Here are the only statistics that I think matter: income inequality in this country is at its greatest since the Gilded Age. Billionaire wealth skyrocketed during the pandemic, growing by 88% in the past four years. The top 10% now hold over two-thirds of the country’s total household wealth, while the bottom 50% hold only 2.5%. Concurrently, since Citizens United, undue and unholy masses of wealth have entered our electoral system: campaign spending increases exponentially with every election cycle, corporations are allowed unlimited spending power, and regulation is basically nonexistent. Unions have all but been put to rout; homeownership is no longer a realistic expectation of adulthood; the middle class is dissolving. The democratic party has not had a legitimate primary in eight years. These facts are not groundbreaking. But they should be. We are living in an oligarchical state and nobody seems to care. 

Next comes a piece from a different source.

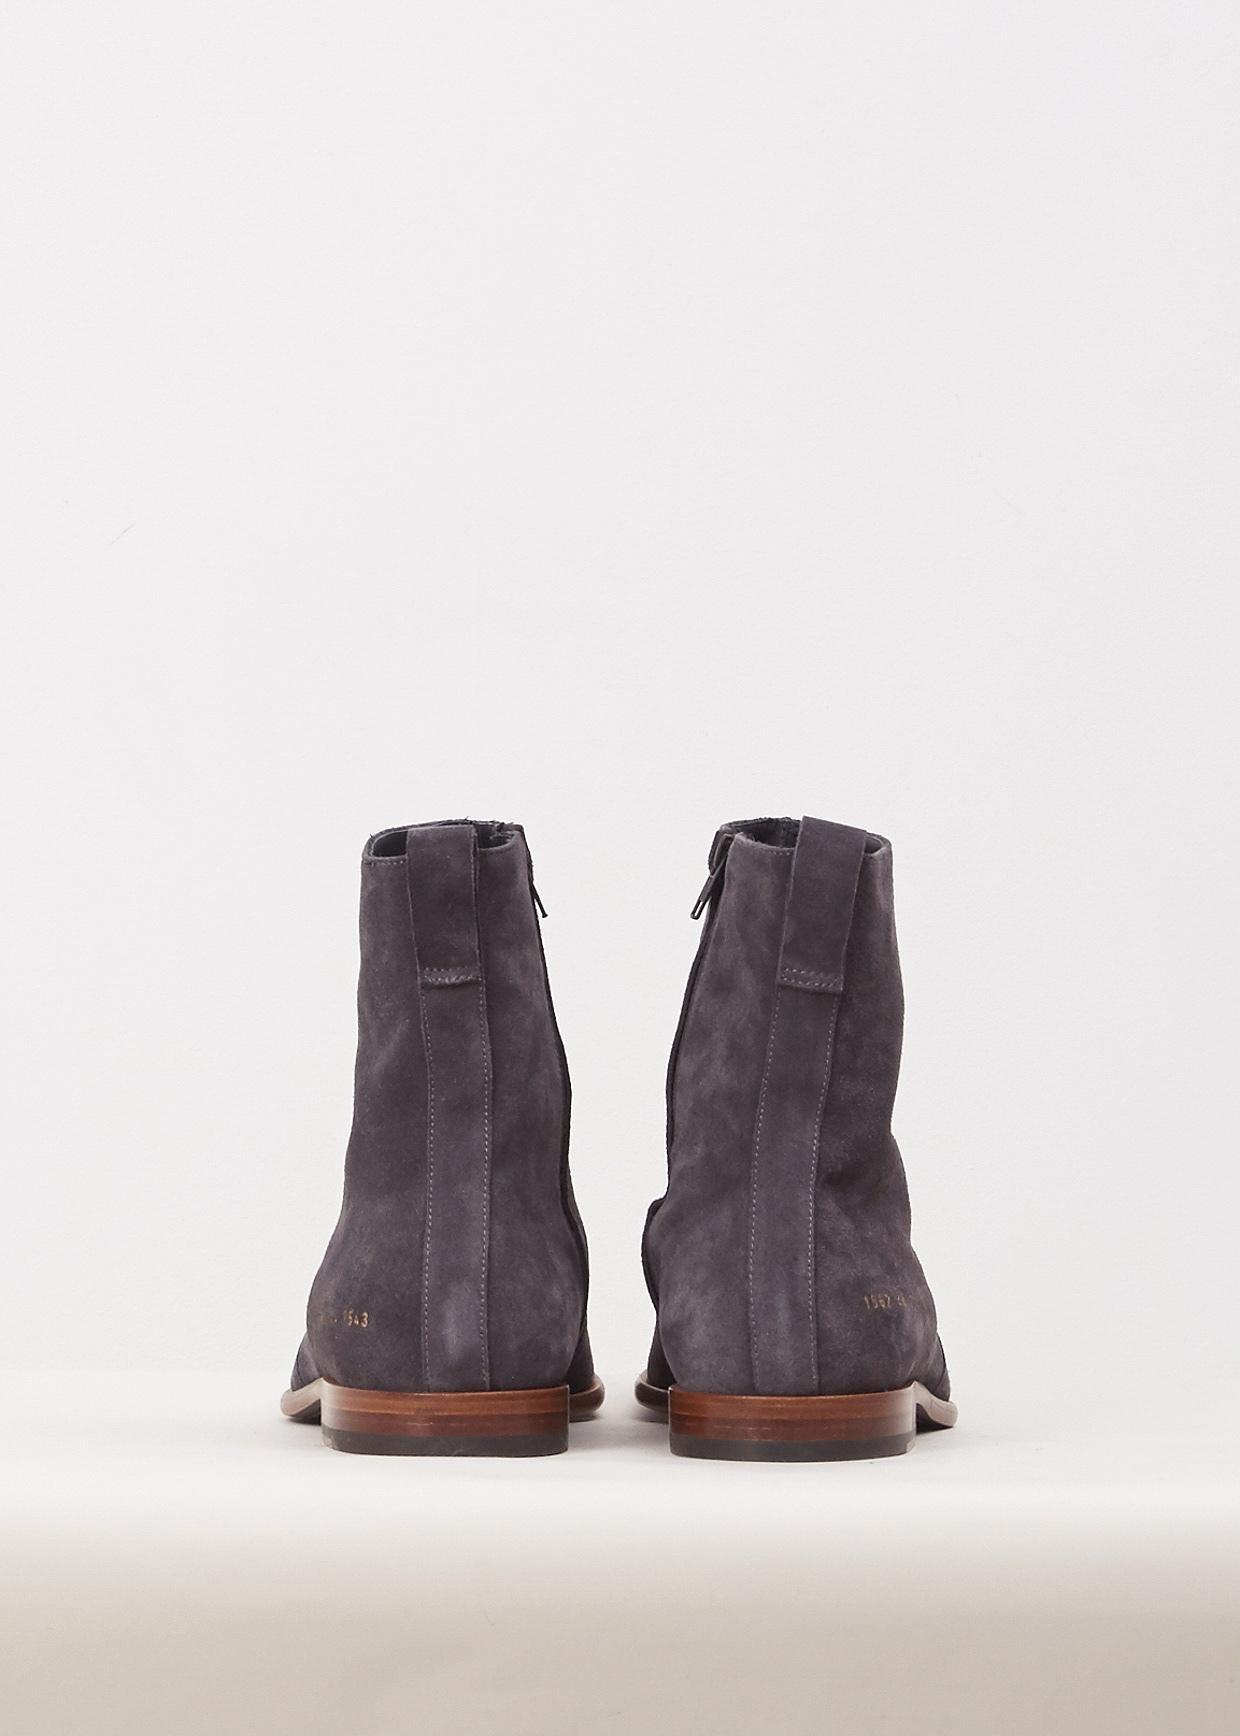 Robert Geller Charcoal Common Projects Chelsea Boots In

No longer is the average American a consideration of their elected representatives. Politicians, once elected, have no incentive to change the very conditions that elevated them to power. Their primary goal is maintenance, their secondary goal elevation. Congressional representatives are reported to spend half of their working hours fundraising. They answer not to their constituents, but to those on the other end of the telephone writing the checks. The system is not working for real Americans. So with both Democrats and Republicans equally beholden to big-money interests, working people have been left with poison in their throat, unease in their gut, a knowledge that things used to be better than they are now, and no clear way forward. And so the vacuum of space that should have been filled by an economic populism is permeated, its energy co-opted by Trump’s cultural populism. 

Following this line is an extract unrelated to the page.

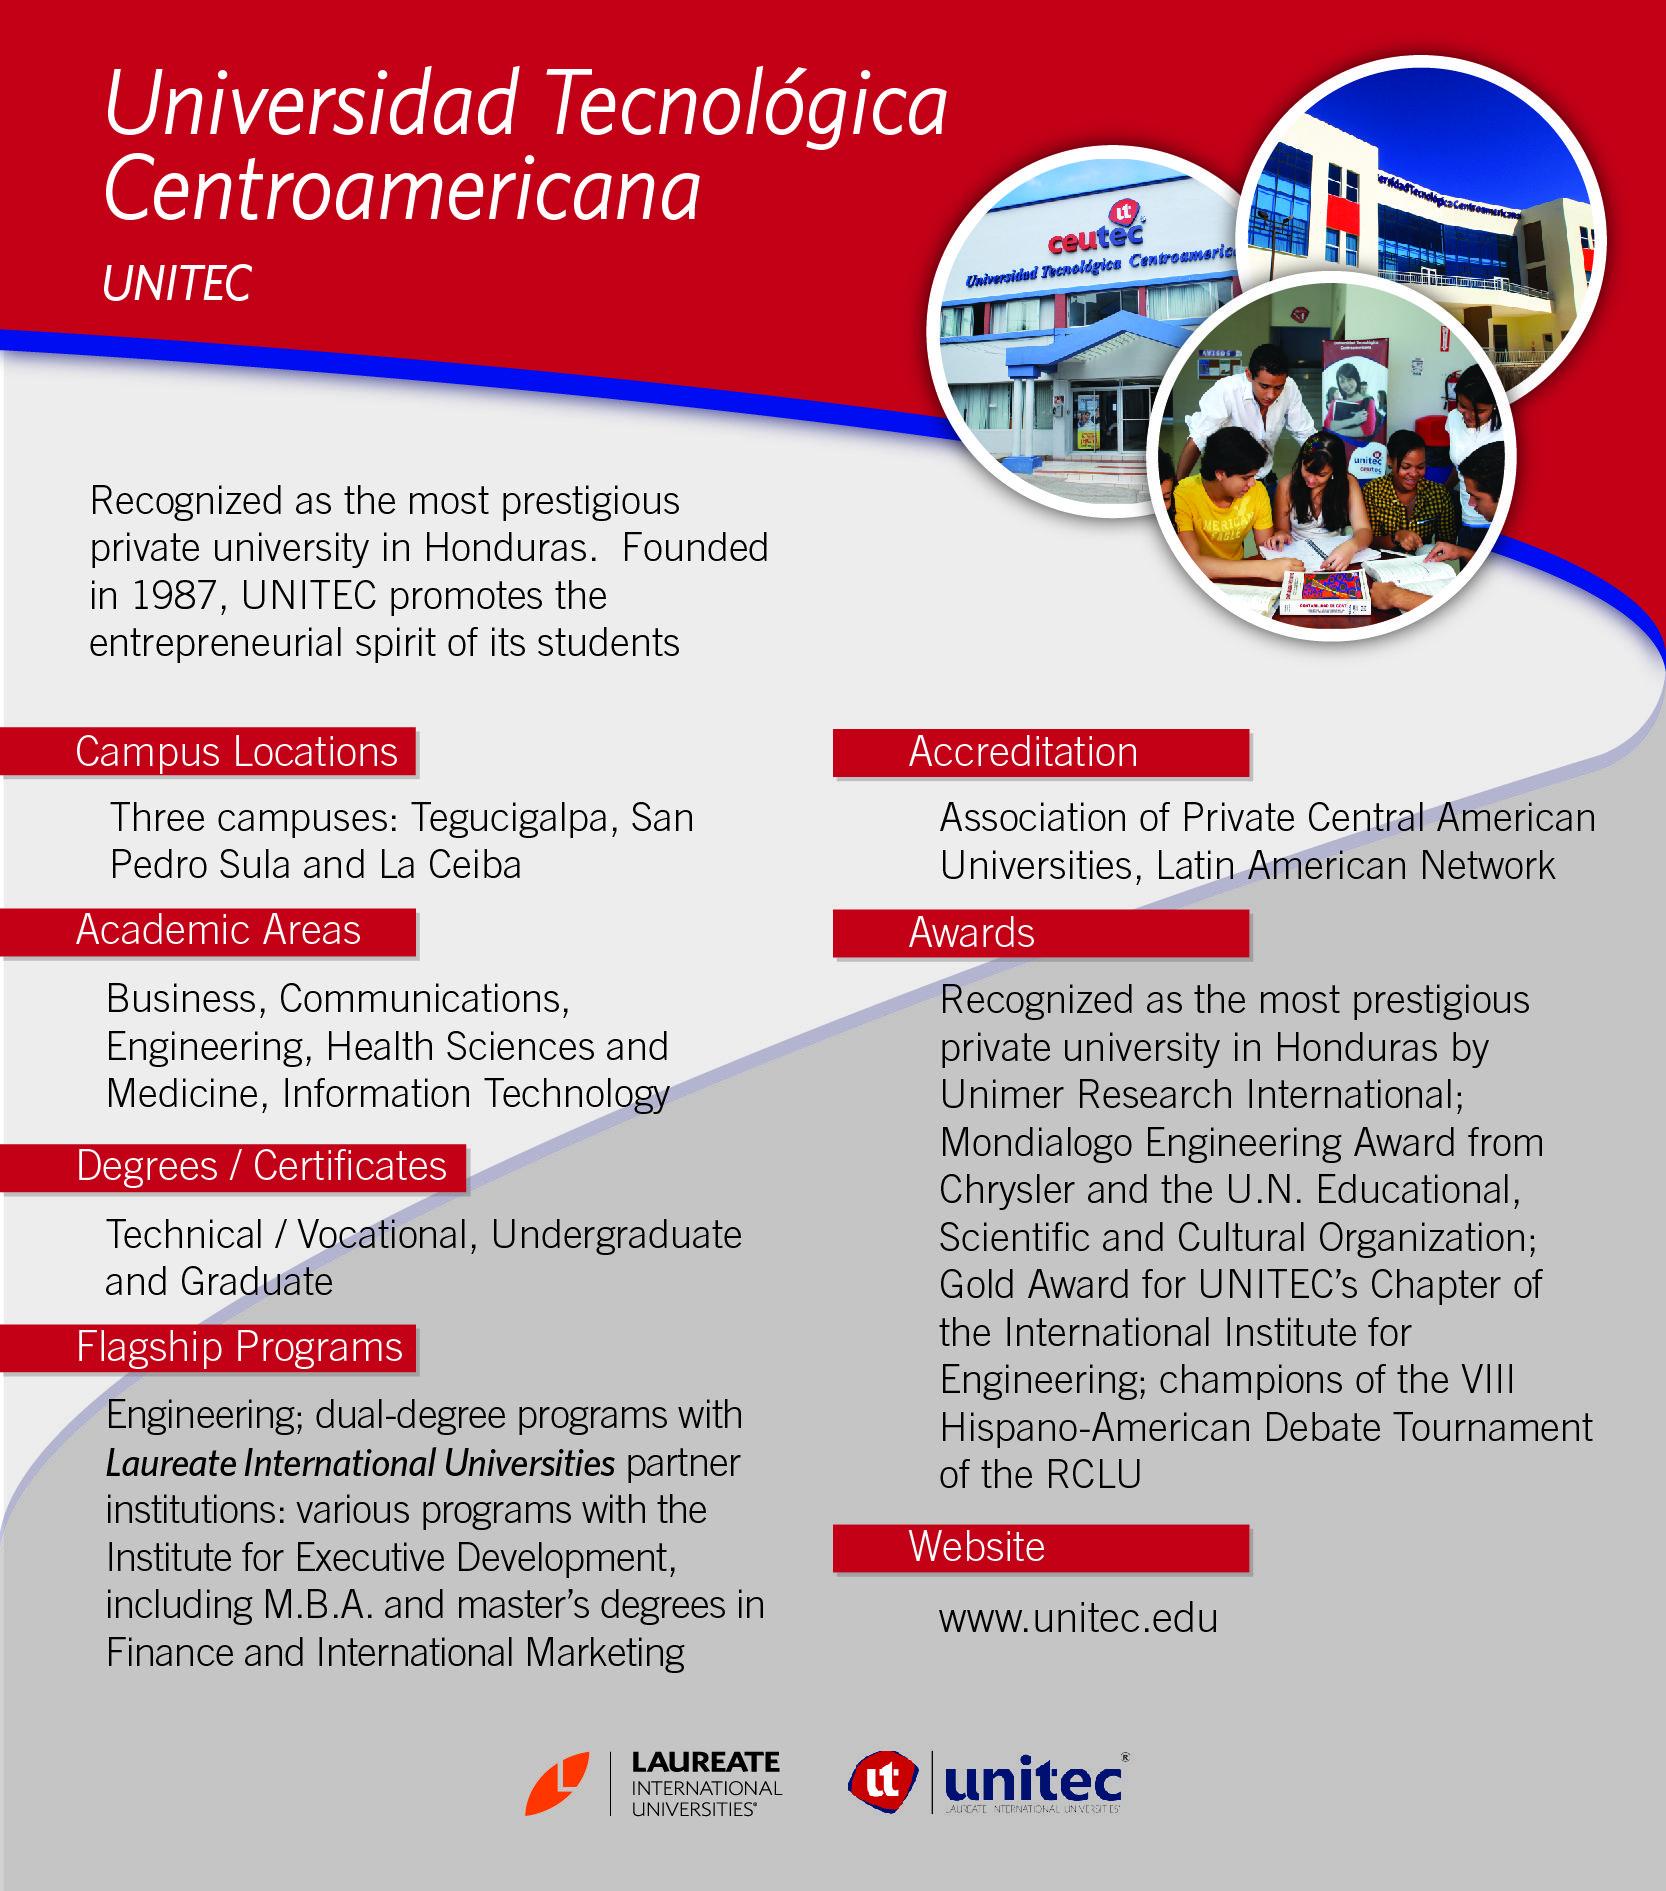 competence web design cv

Increasing technological automation of once-important industries has left our middle class with neither sufficient income nor sense of purpose; the influx of billions of dollars into our electoral system has put our political power to assert our own convictions in jeopardy, while the imposition of infocracy has left us without the ability or desire to form them. Neither the Democratic or the Republican party has any real interest in attempting to bolster the self-determinative abilities of their constituencies, and so in the absence of empirical political freedom, we are left to decide between two conflicting doctrines—neither of which will save us,  both of which promise to. And yet we continue inviting the same thieves to the game, knowing they will steal the pot. 


I don’t want to be negative. I do hold some hope, and I don’t think we’ve quite reached the end of history. Experts who study only the past will always underestimate the potential for something new. In his essay “Politics,” Emerson writes, “[u]nder the dominion of an idea, which possesses the minds of multitudes…the power of persons are no longer subjects of calculation. A nation of men unanimously bent on freedom, or conquest, can easily confound the arithmetic of statists, and achieve extravagant actions, out of all proportion to their means.” In order to achieve real, empirical change, we need an idea. And I’m not sure what that idea could be, but I know it has something to do with the feeling I had driving down back-country roads, something Obama once put his finger on with his unfulfilled promise of “HOPE,” something similar to prairie fading into plains, plains into canyon, canyon into mountain towns, thoughts of wild horses and Jesse James, a tattered old flag high up and illuminated, blowing gently, metal pole high, sky blue. Sunlight on soft snow banks, melting down, little pools of water. I’ve only seen a bald eagle once, but it made sense to me then. Something like easy laughter, a three-chord country song, rough voice, hard work. Something like talking to strangers who aren’t ever so strange—something like the feeling of realizing you know them, they know you, something I never felt abroad: it’s something like knowing you’re a real American, and you’re proud.